What you are asked to do — The pictures in the listing below are to be skipped, while the lines between the line holding "Icelandic Iceland Elopement" and the line holding "Permanent makeup tattooing", inclusive, are to be output exactly.

Supplied material —
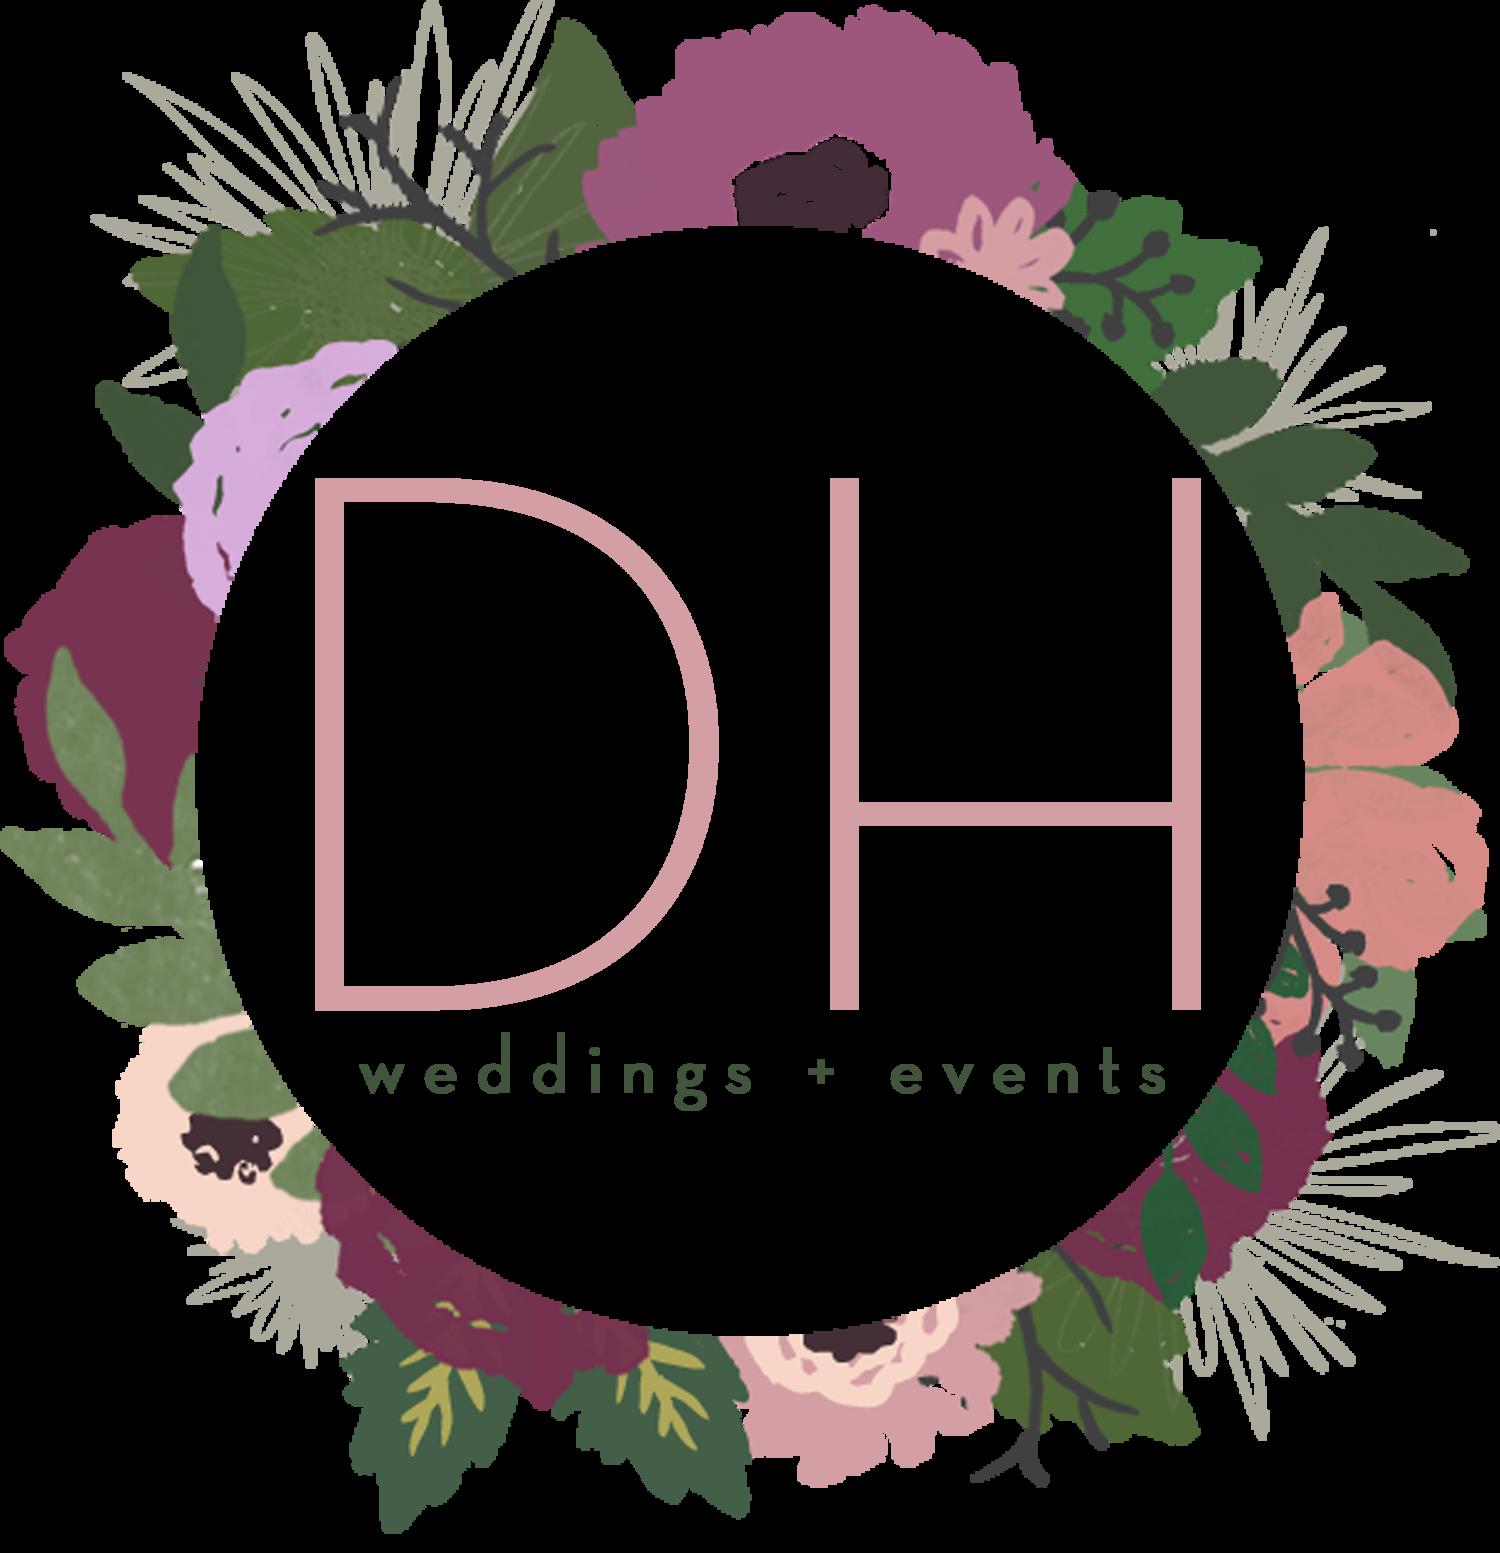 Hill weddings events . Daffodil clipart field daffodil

--

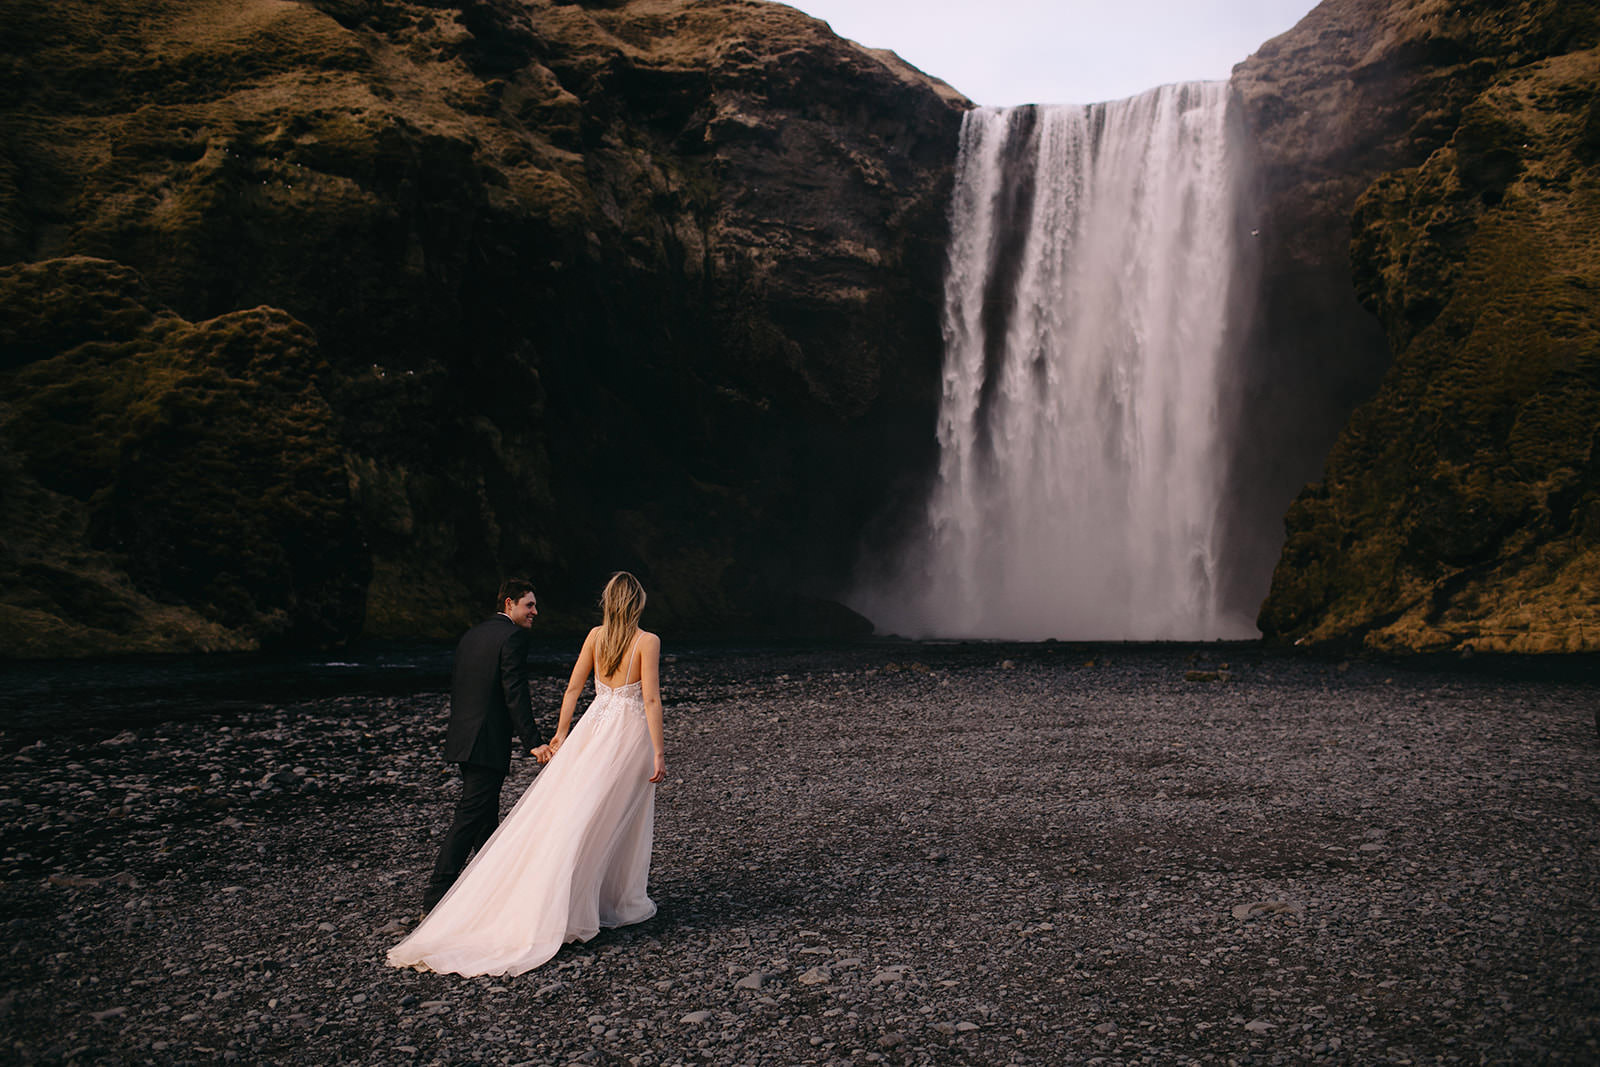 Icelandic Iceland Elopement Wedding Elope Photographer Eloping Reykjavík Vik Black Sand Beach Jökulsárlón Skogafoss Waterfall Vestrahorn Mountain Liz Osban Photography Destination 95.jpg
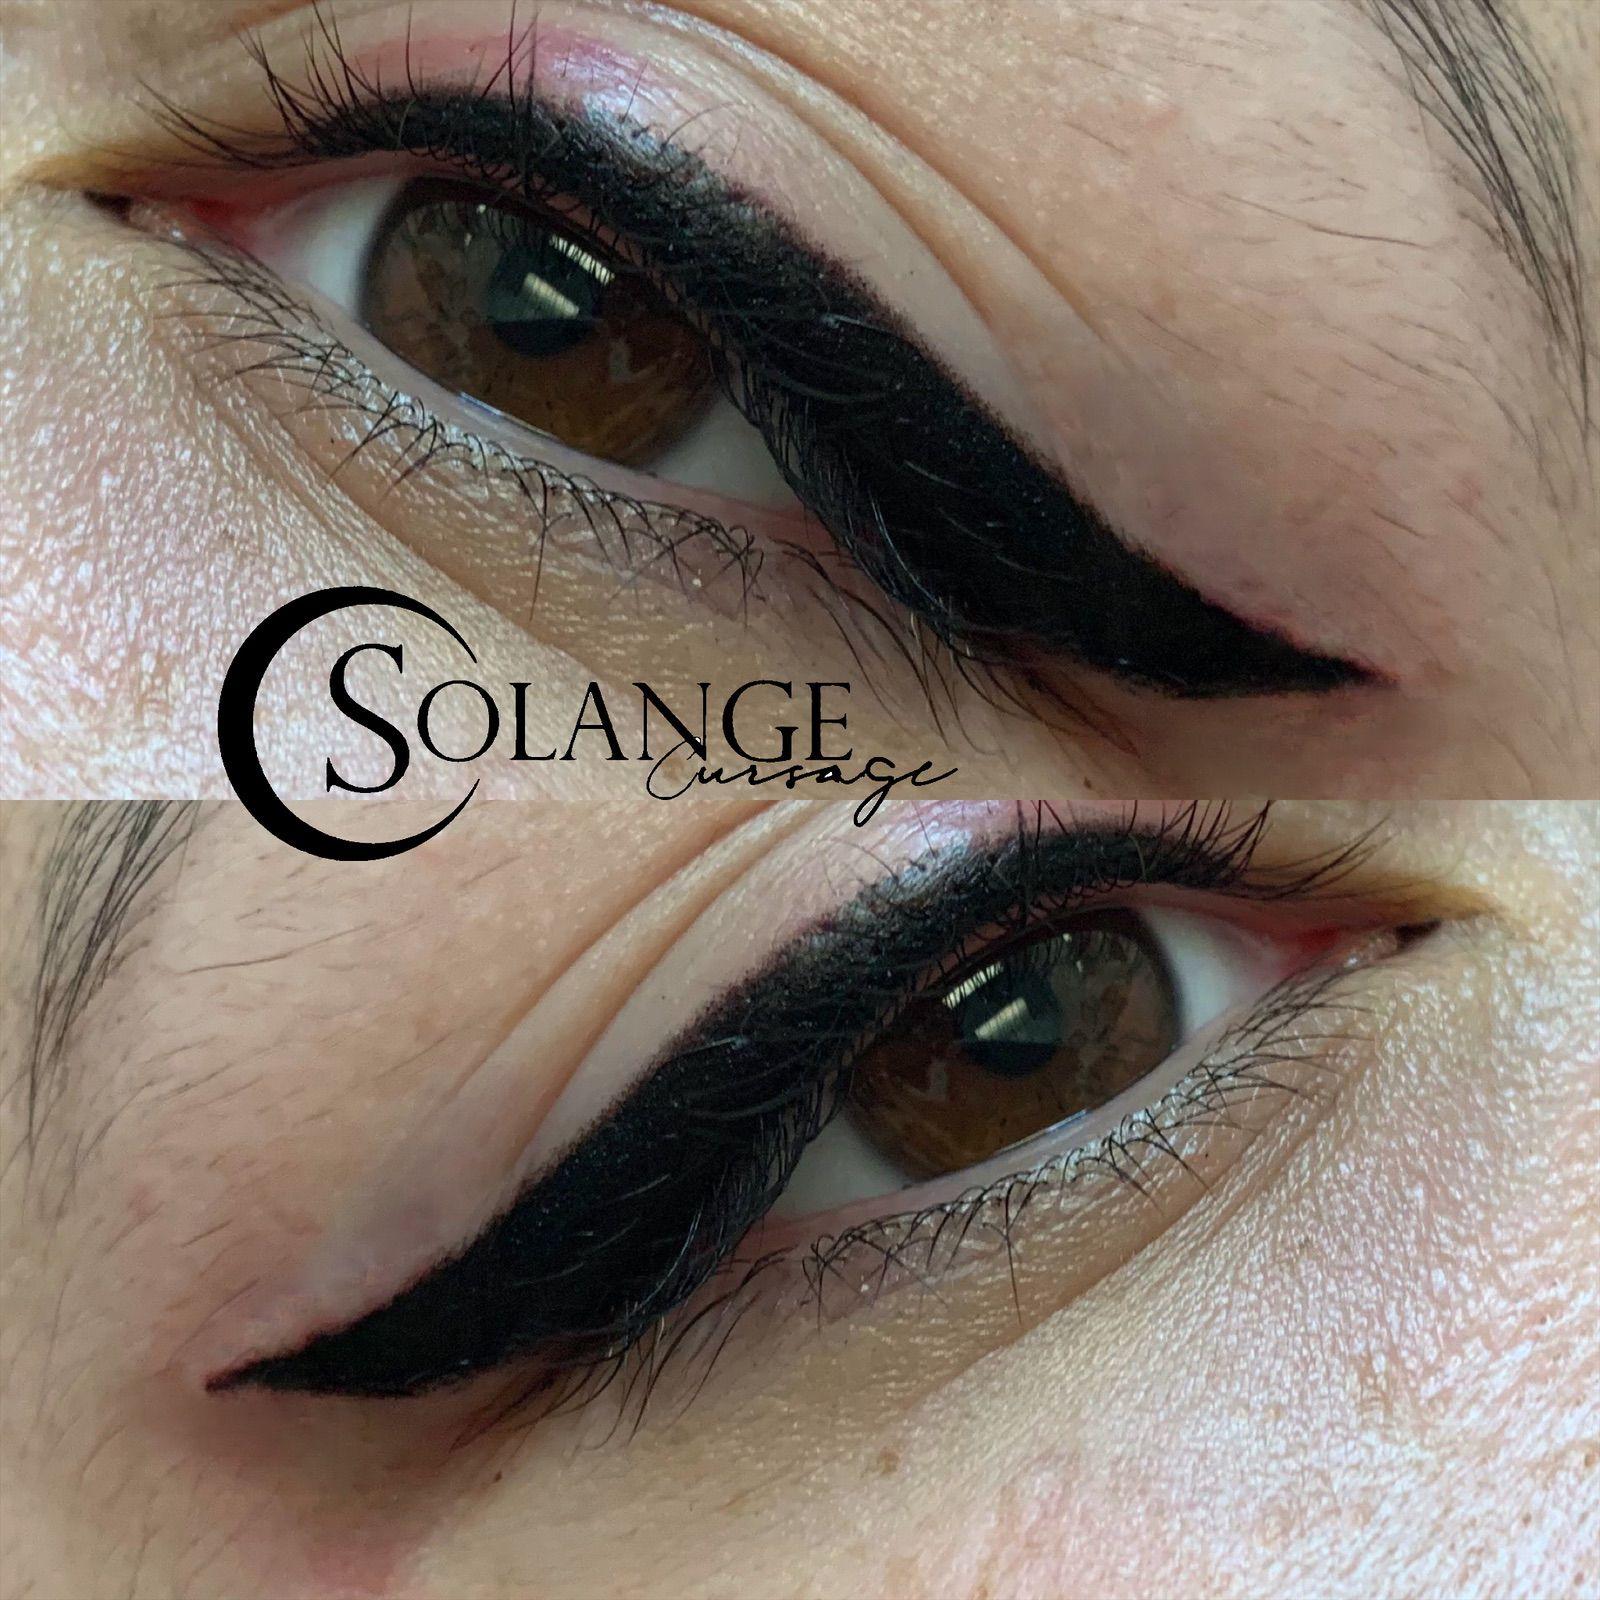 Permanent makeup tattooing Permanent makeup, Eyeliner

Reply to the task —
 Icelandic Iceland Elopement Wedding Elope Photographer Eloping Reykjavík Vik Black Sand Beach Jökulsárlón Skogafoss Waterfall Vestrahorn Mountain Liz Osban Photography Destination 95.jpg
 Permanent makeup tattooing Permanent makeup, Eyeliner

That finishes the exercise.